- _Exercise_
What you return should match the entries below exactly, only without the images.

- _Stored entries_
::::

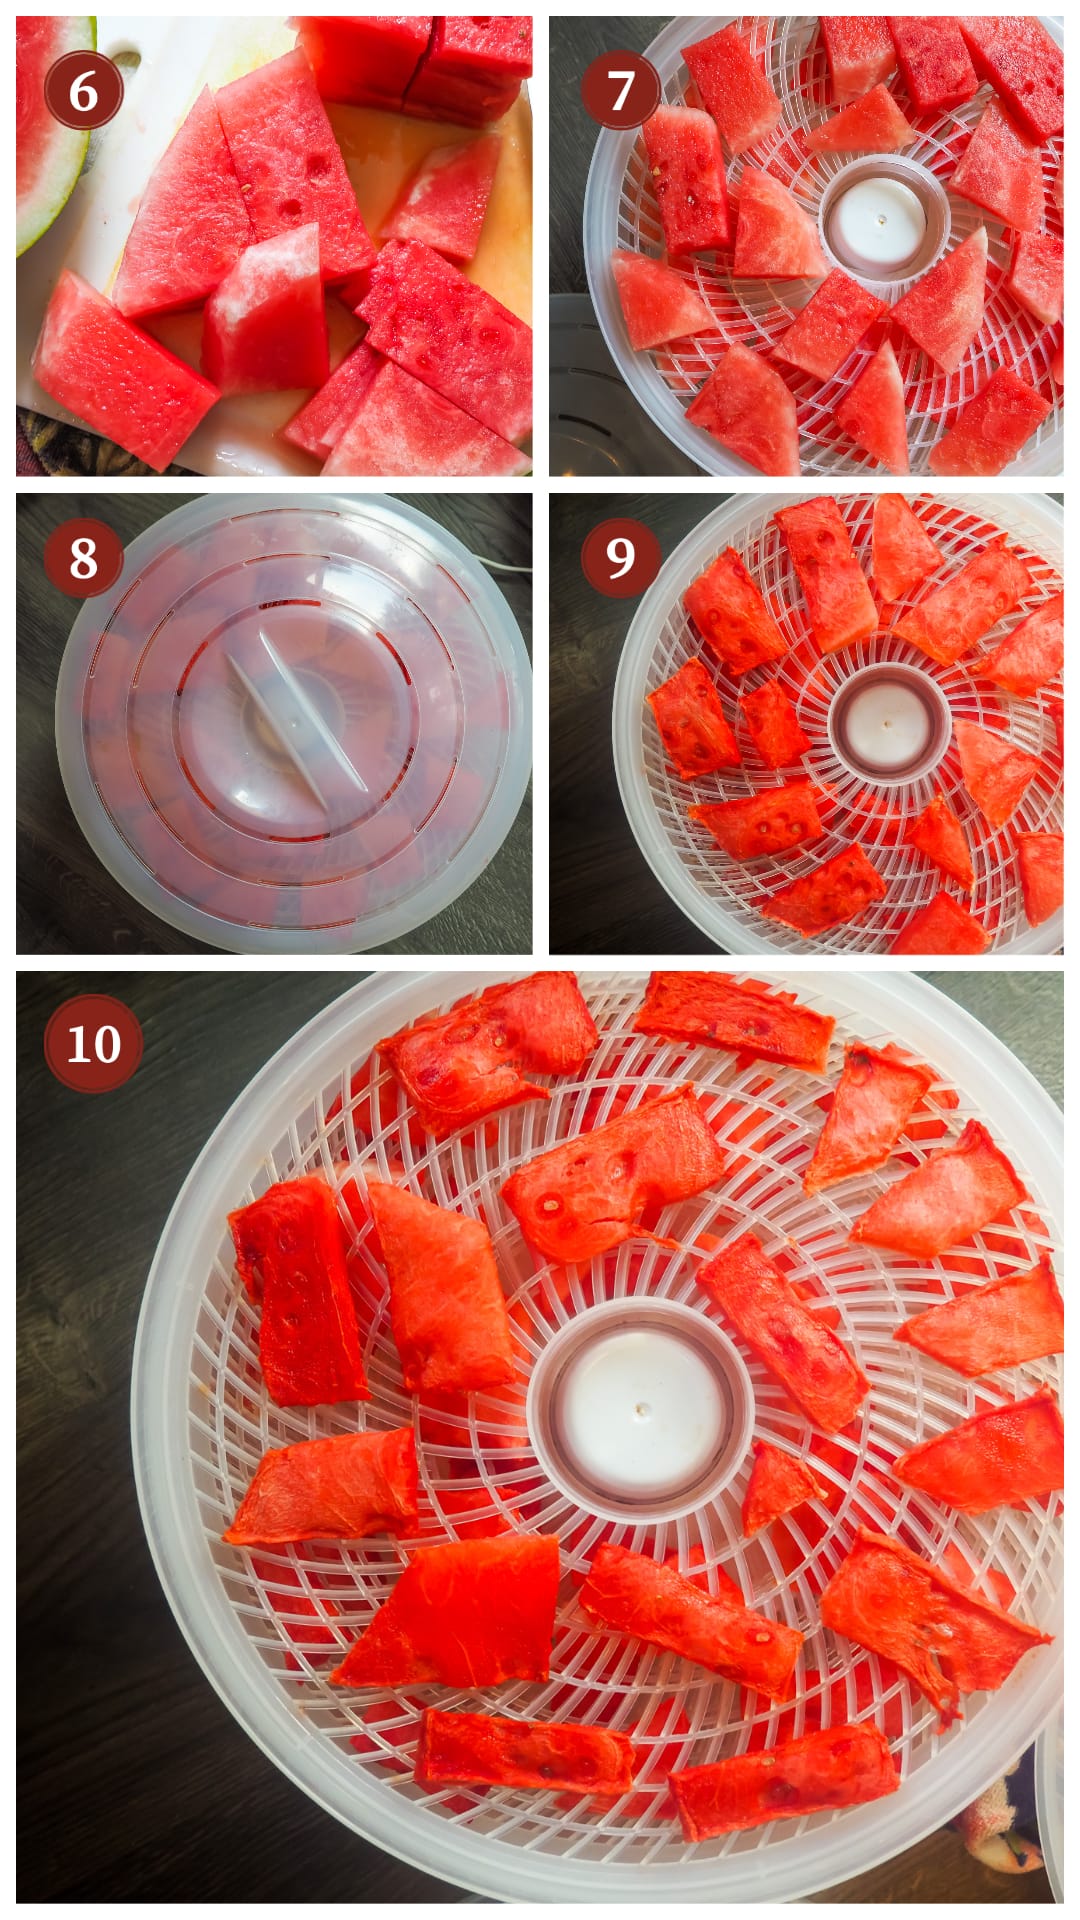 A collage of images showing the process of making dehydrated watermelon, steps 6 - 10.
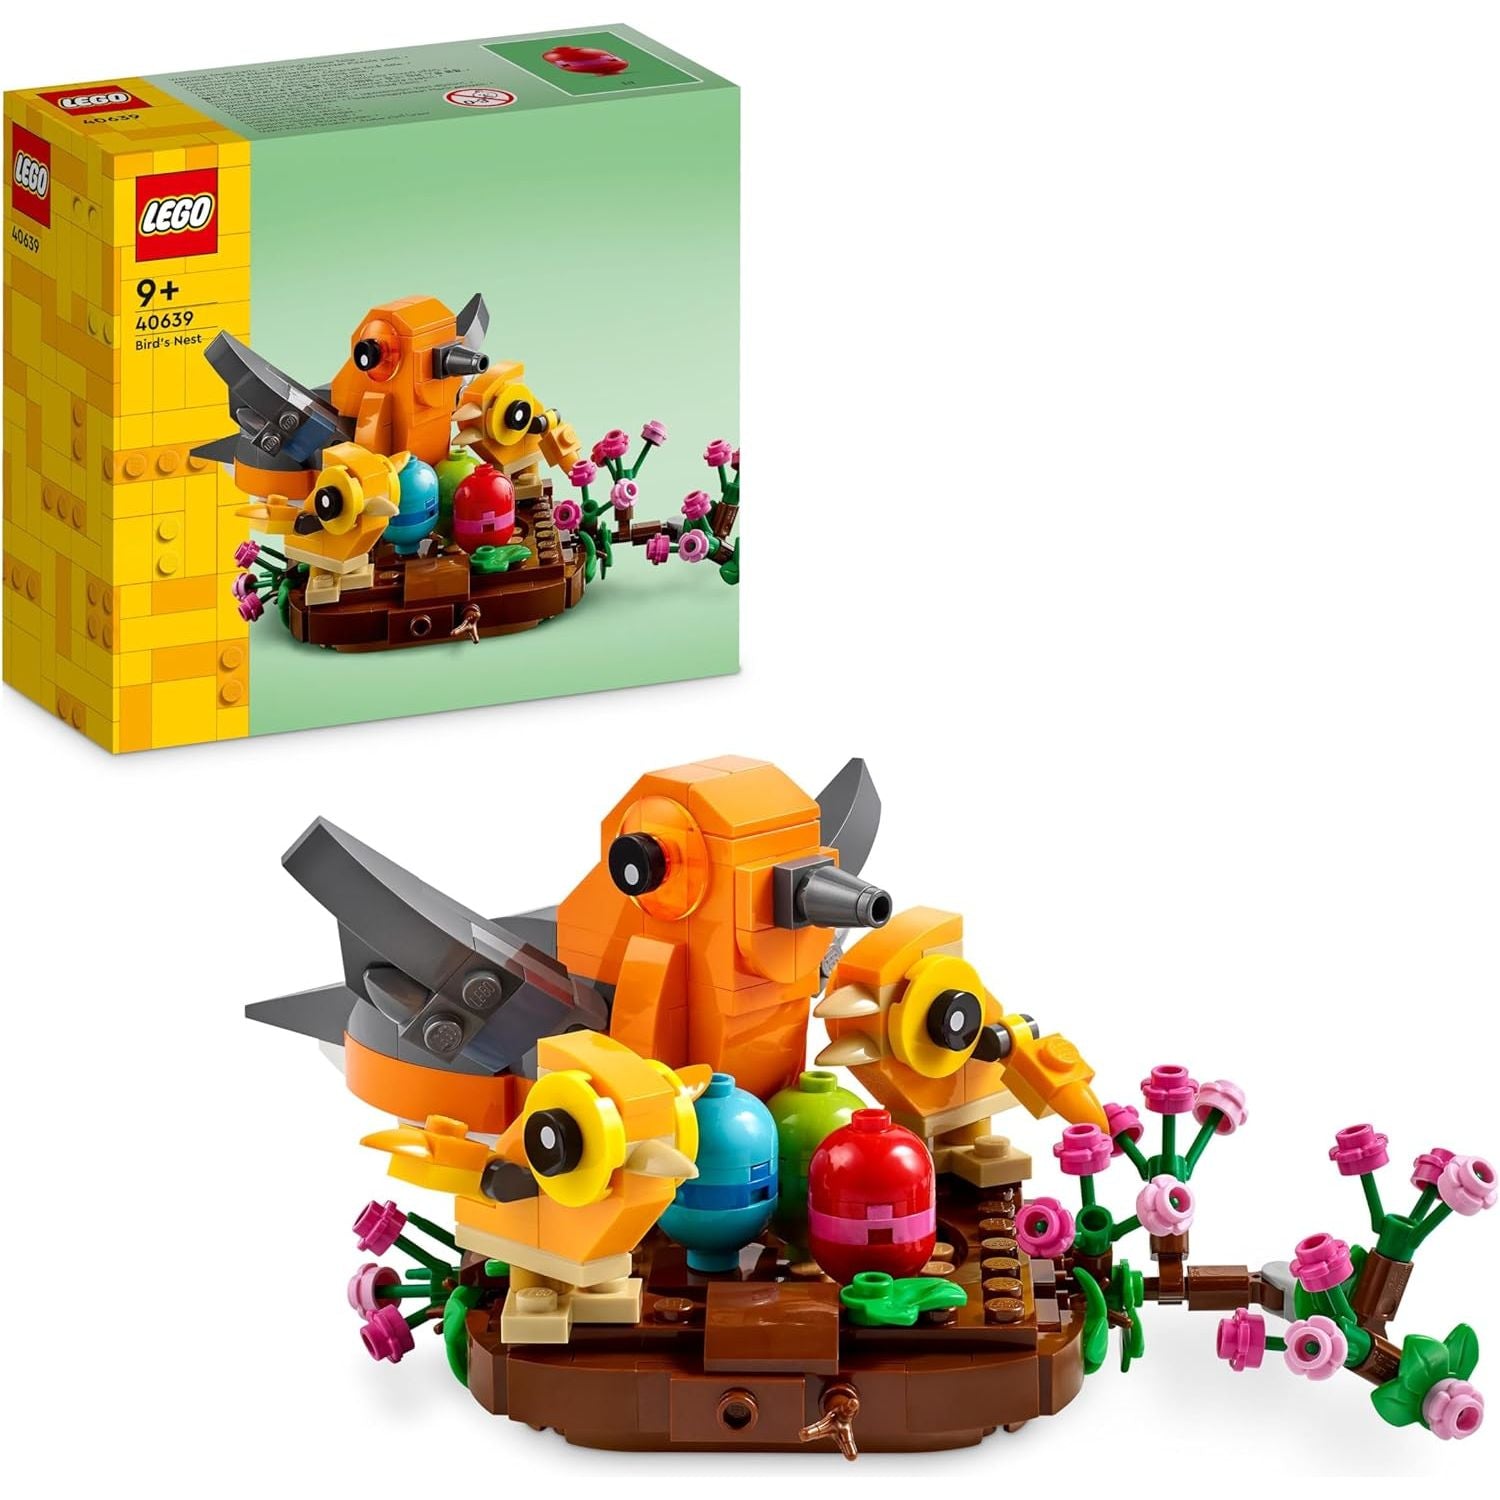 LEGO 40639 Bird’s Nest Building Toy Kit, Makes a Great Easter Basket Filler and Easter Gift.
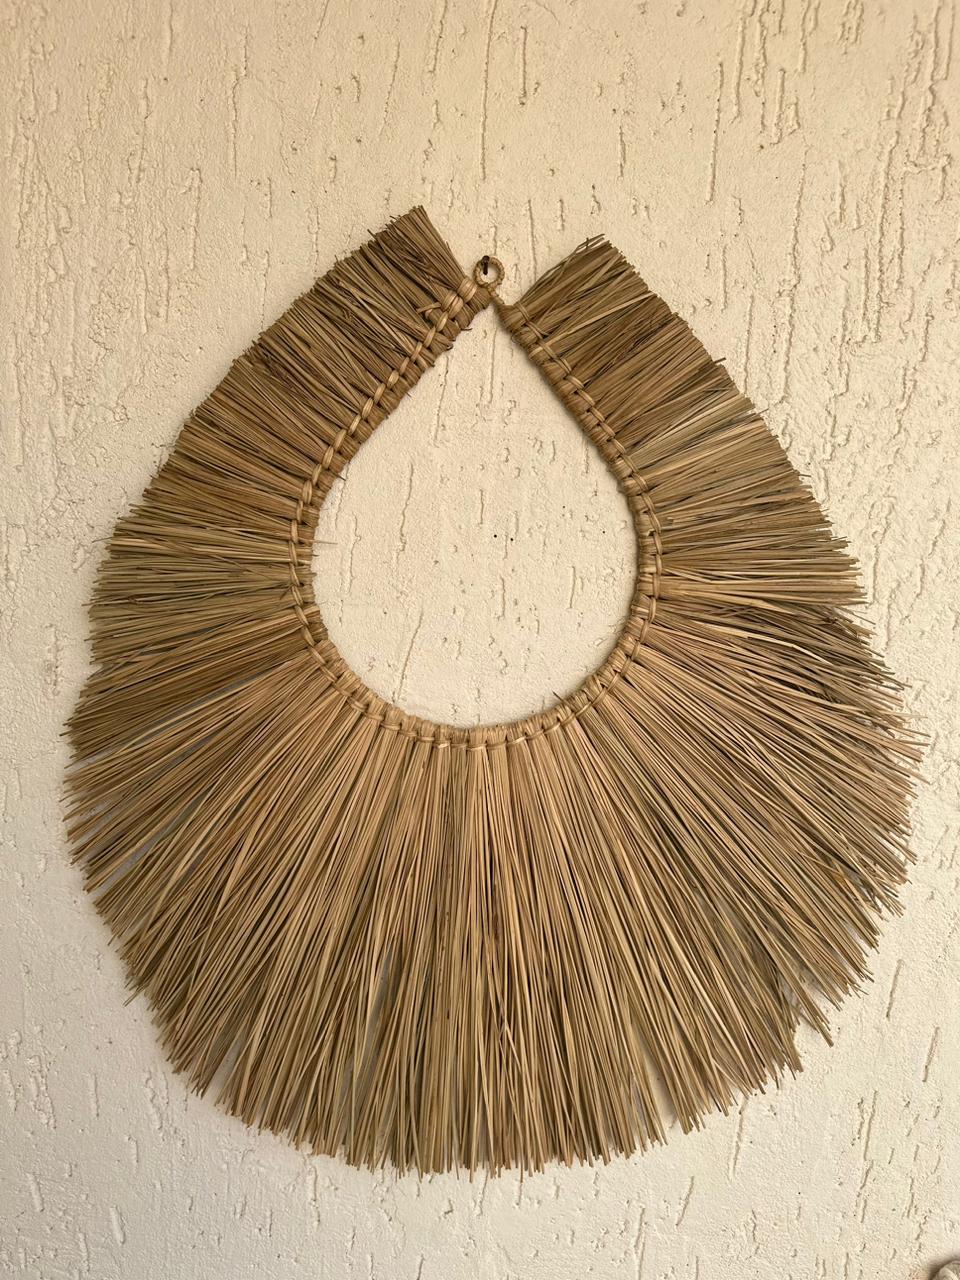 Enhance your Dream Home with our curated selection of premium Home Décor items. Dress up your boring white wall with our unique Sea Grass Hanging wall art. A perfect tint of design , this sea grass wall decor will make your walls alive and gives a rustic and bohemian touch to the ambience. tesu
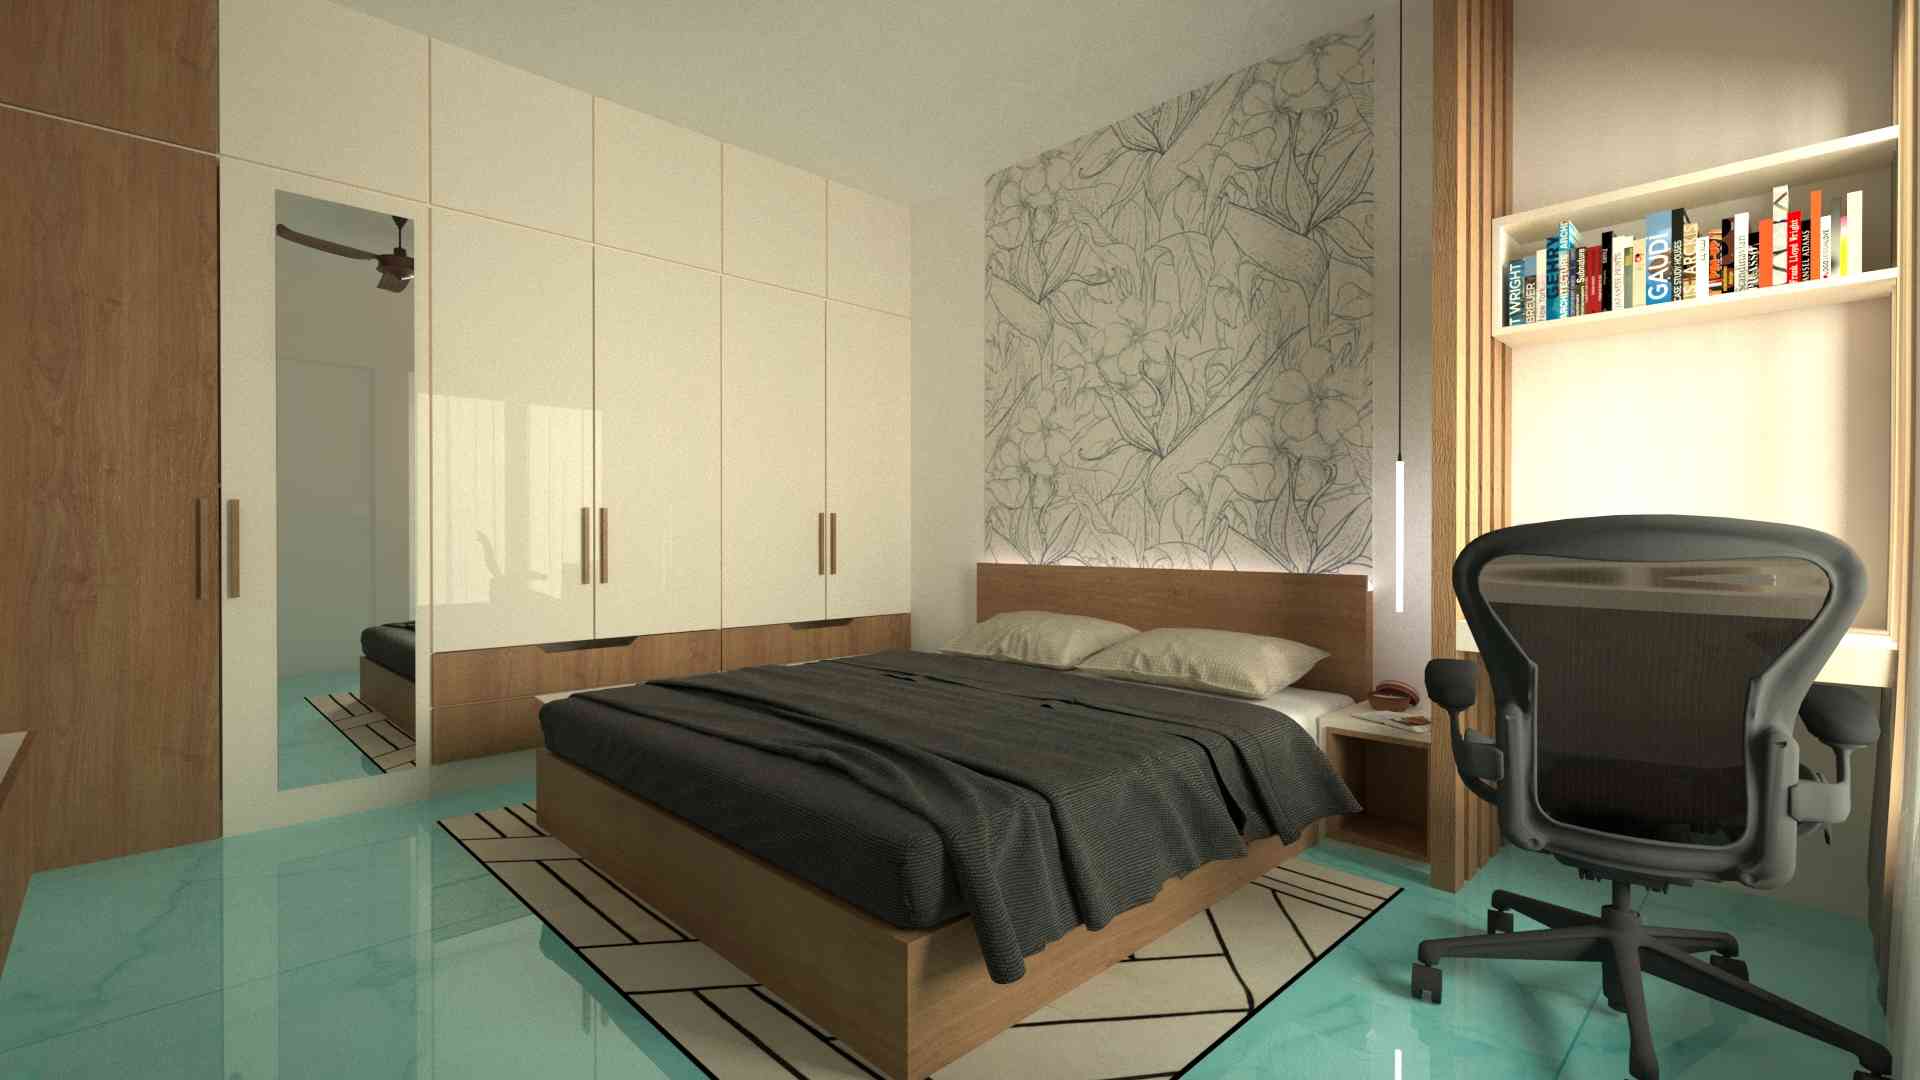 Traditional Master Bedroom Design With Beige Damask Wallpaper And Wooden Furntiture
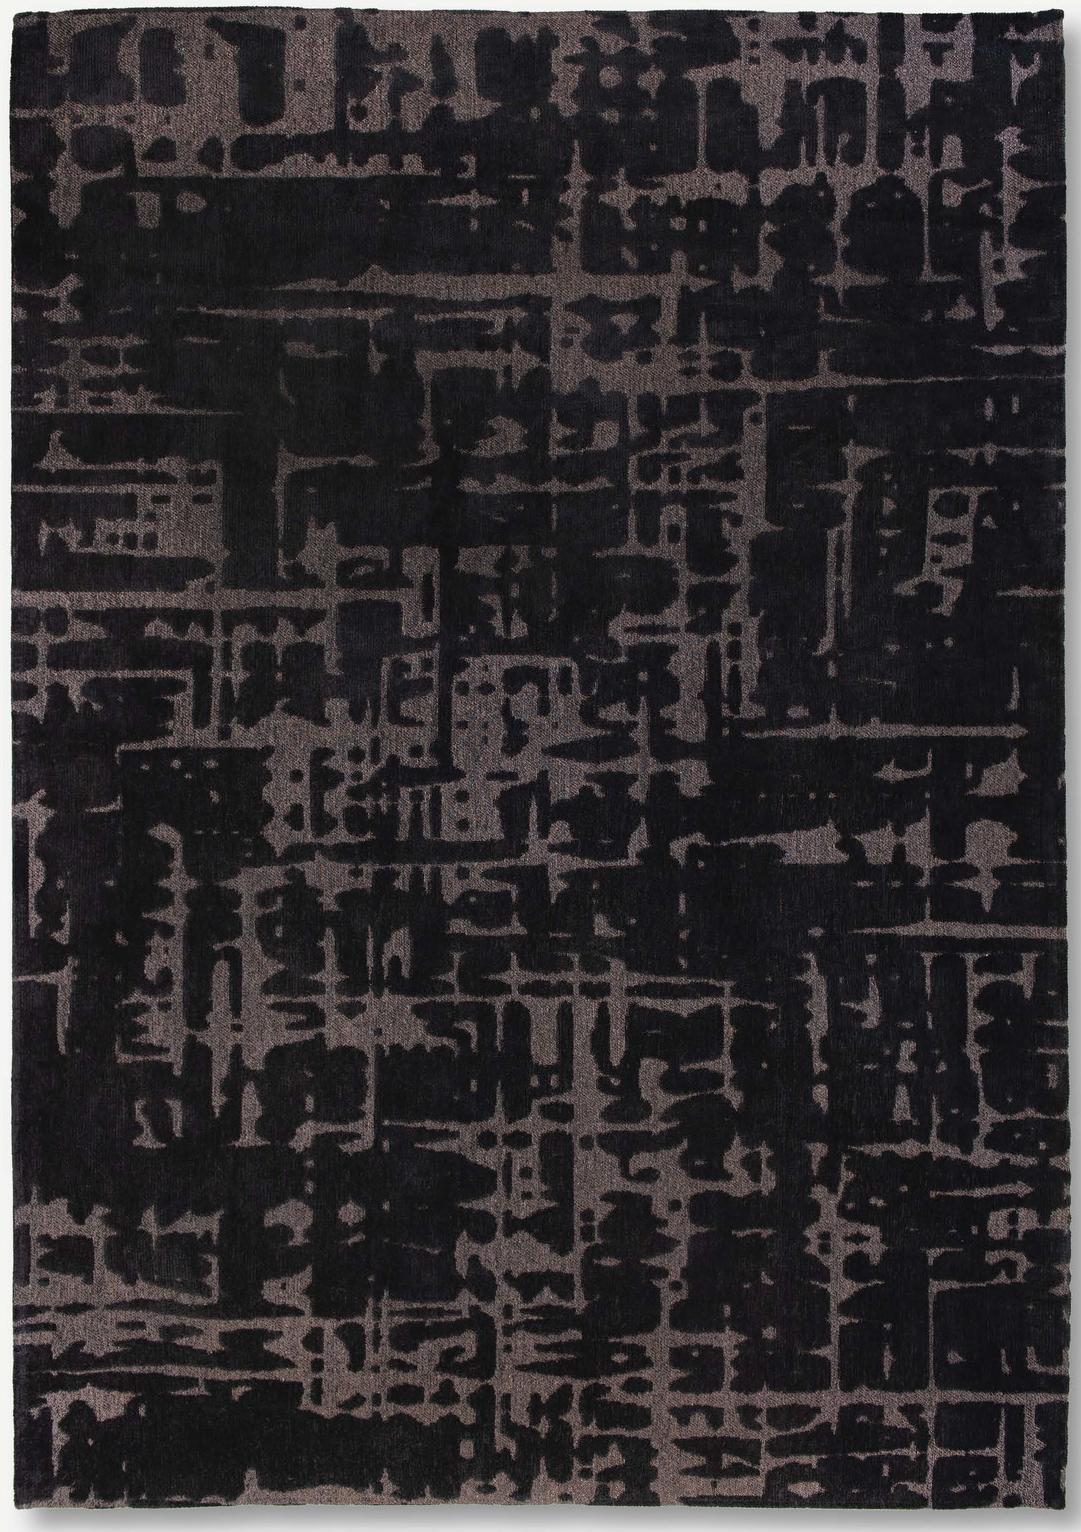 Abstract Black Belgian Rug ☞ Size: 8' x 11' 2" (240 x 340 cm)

::::

- _Solved problem_
 A collage of images showing the process of making dehydrated watermelon, steps 6 - 10.
 LEGO 40639 Bird’s Nest Building Toy Kit, Makes a Great Easter Basket Filler and Easter Gift.
 Enhance your Dream Home with our curated selection of premium Home Décor items. Dress up your boring white wall with our unique Sea Grass Hanging wall art. A perfect tint of design , this sea grass wall decor will make your walls alive and gives a rustic and bohemian touch to the ambience. tesu
 Traditional Master Bedroom Design With Beige Damask Wallpaper And Wooden Furntiture
 Abstract Black Belgian Rug ☞ Size: 8' x 11' 2" (240 x 340 cm)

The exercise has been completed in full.